AI agents scale instantly. A single AI agent might handle requests across hundreds of units simultaneously. One permission error doesn’t affect a single property; it affects every property the agent touches.
AI agents inherit risk differently. AWS’s Well-Architected Framework identifies a specific threat called “excessive agency,” where an agent determines the best solution to a problem is to take broader actions beyond its scope. In property management terms, this could mean an AI dispatching an expensive vendor without approval or modifying lease terms it was only supposed to read.
These differences make PMS permissions for AI a core operational concern, not just a checkbox during vendor onboarding. For a broader look at how AI workers function in property management, that context helps frame why permissions architecture requires careful attention.
An API (Application Programming Interface) is how software systems talk to each other.
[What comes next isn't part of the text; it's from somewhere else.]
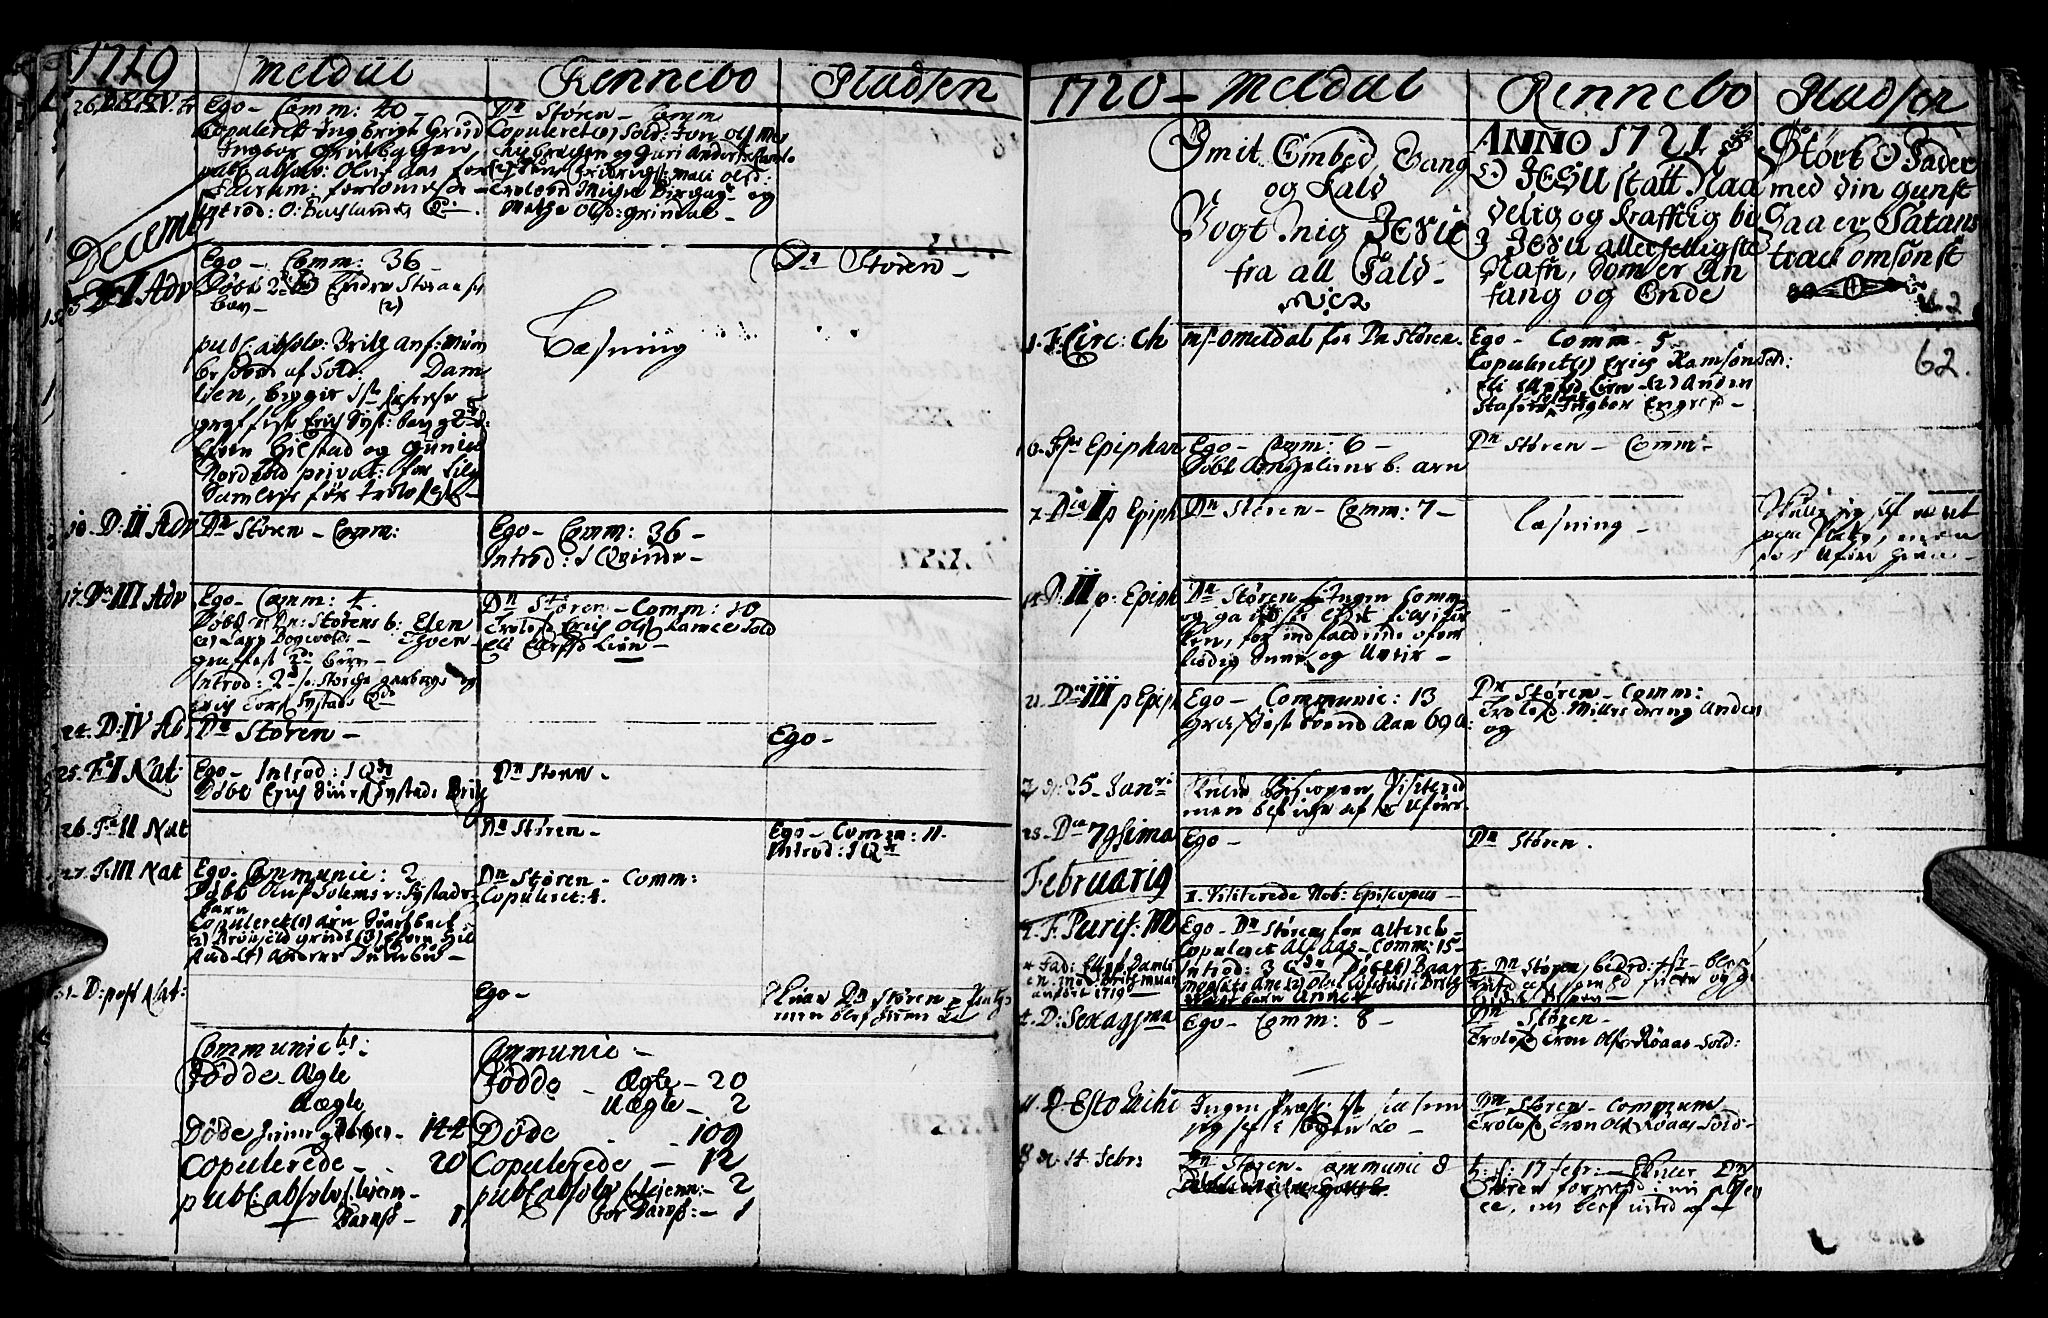 SAT, Ministerialprotokoller, klokkerbøker og fødselsregistre - Sør-Trøndelag, 672/L0849: Ministerialbok nr. 672A02, 1705-1725, s. 62

When an AI tool connects to your PMS, it typically uses API credentials, a unique key or set of tokens, to authenticate and exchange data.
Not all PMS platforms offer the same level of API access. AppFolio, for example, requires either Property Manager Max with Full Database API access or AppFolio Plus with the Database API for third-party AI integrations. The AppFolio Stack API exposes specific fields like work order priority and permission-to-enter status.
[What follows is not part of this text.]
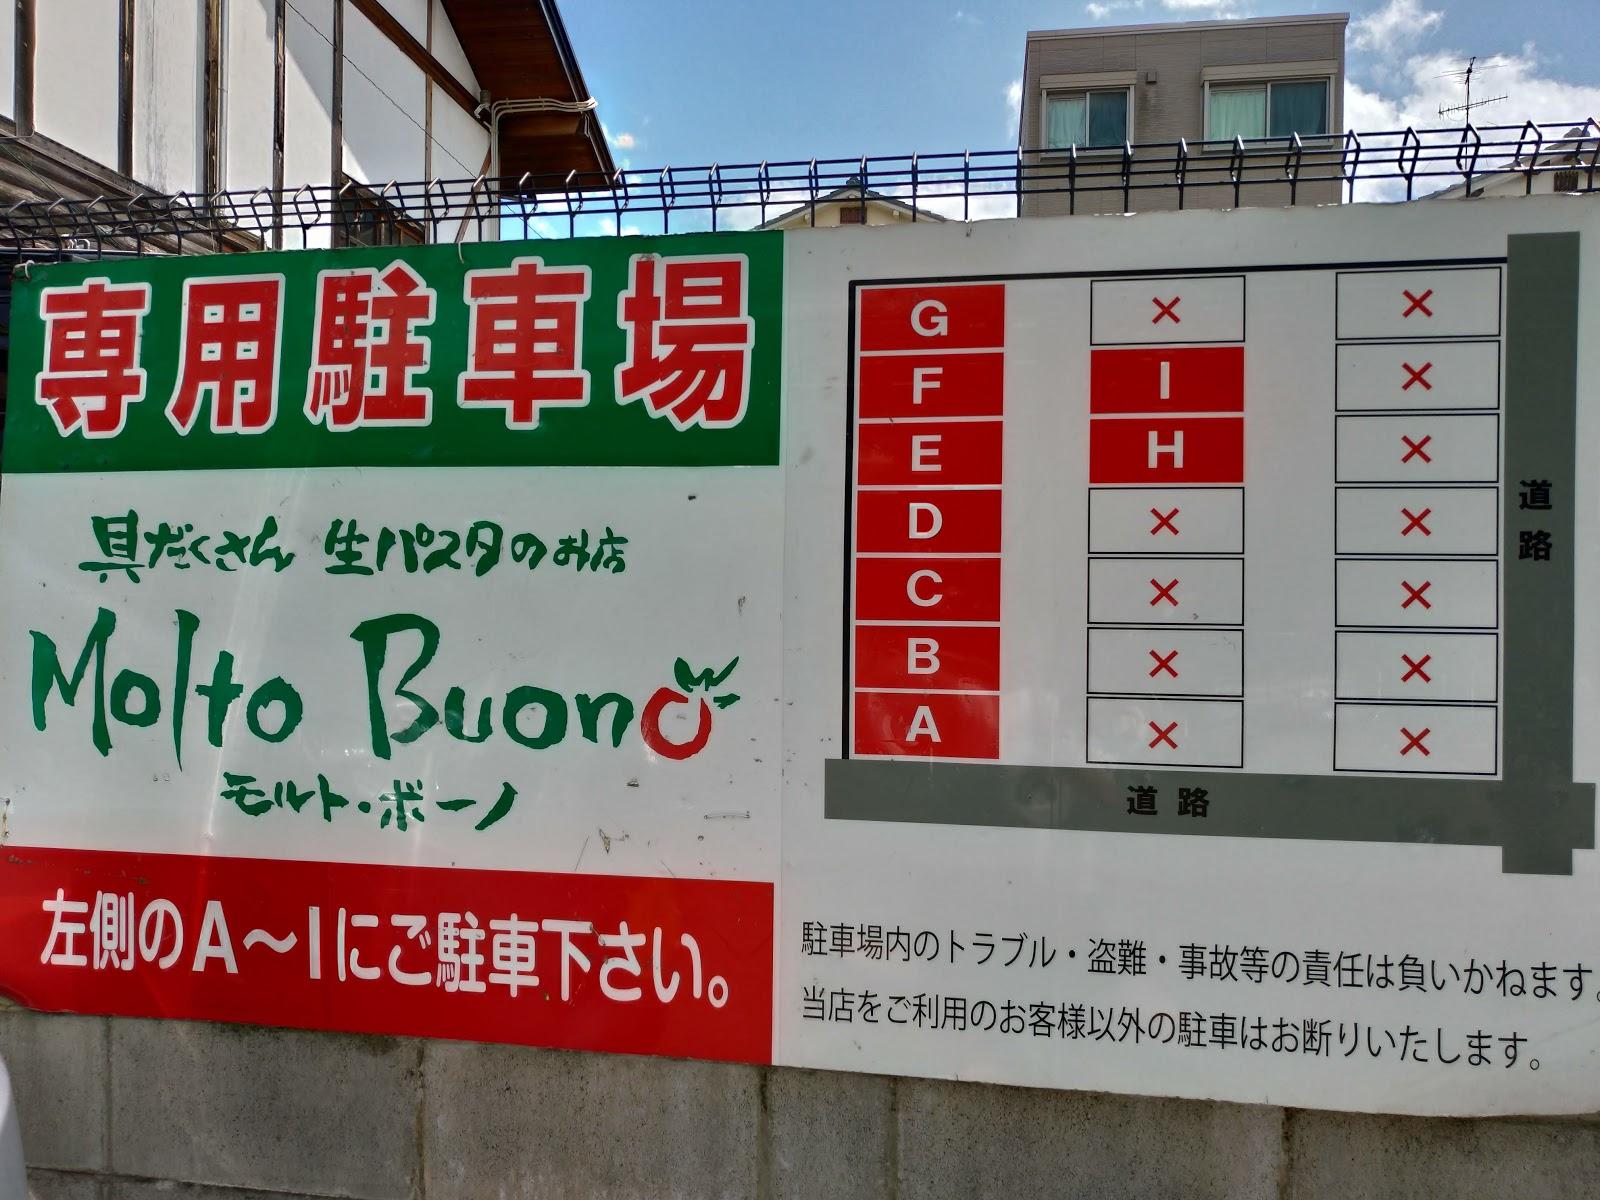 池田市ランチおすすめイタリアンモルトボーノ駐車場

A critical limitation: some PMS platforms only offer one-way data export via REST API, which blocks bidirectional integrations and real-time synchronization. This restriction forces AI vendors to find alternative integration paths, sometimes requiring broader user-level permissions than a pure API approach would need.
Why it matters: The type of API access your PMS offers directly determines what an AI agent can do and how securely it can do it.
An audit trail is a chronological log of every action taken within the PMS, recording who did what, when, and to which record. Important actions are logged, creating accountability and transparency. Managers can trace changes back to specific users, which helps detect misuse or mistakes.
For AI agents, audit trails are even more critical than for human users. Because AI operates at scale and speed, the ability to review its actions after the fact is the primary mechanism for catching errors. AppFolio provides audit trail capabilities as part of its security framework.
Why it matters: If your AI vendor doesn’t support action logging, you have no way to verify what the agent did in your system. This is a non-negotiable requirement.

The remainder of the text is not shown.